At root my thought process amounted to: we have a technology that learns complex structures including languages from data without the benefit of the structural predispositions of human brains. If we could get a good enough corpus of data, it can also learn things other than human languages, and find approximate mappings to human languages. I assumed we wouldn’t have such data in this case. That’s as far as I got before I posted.
Currently we basically don’t have any datasets where it’s labelled what orca says what. When I listen to recordings, I cannot distinguish voices, though idk it’s possible that people who listened a lot more can. I think just unsupervised voice clustering would probably not work very accurately. I’d guess it’s probably possible to get data on who said what by using an array of hydrophones to infer the location of the sound, but we need very accurate position inference because different orcas are often just 1-10m distance from each other, and for this we might need to get/infer decent estimates of how water temperature varies by depth, and generally there have not yet been attempts to get high precision through this method. (It’s definitely harder in water than in air.)

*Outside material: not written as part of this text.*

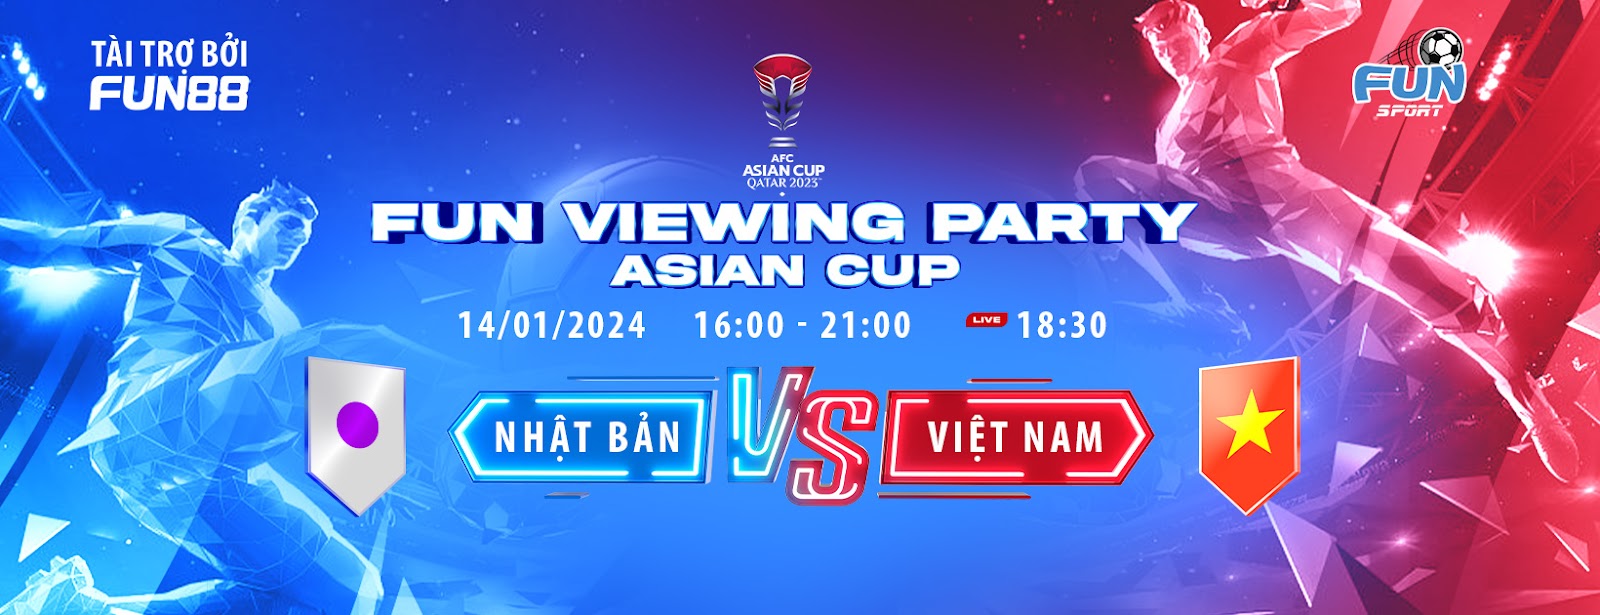 Cùng Fun Viewing Party soi kèo Asian Cup 2023 - Nhật Bản vs Việt Nam

Yeah basically I initially also had rough thoughts into this direction, but I think the create-and-teach language way is probably a lot faster.
I think the earth species project is trying to use AI to decode animal communication, though they don’t focus on orcas in particular, but many species including e.g. beluga whales. Didn’t look into it a lot but seems possible I could do sth like this in a smarter and more promising way, but probably still would take long.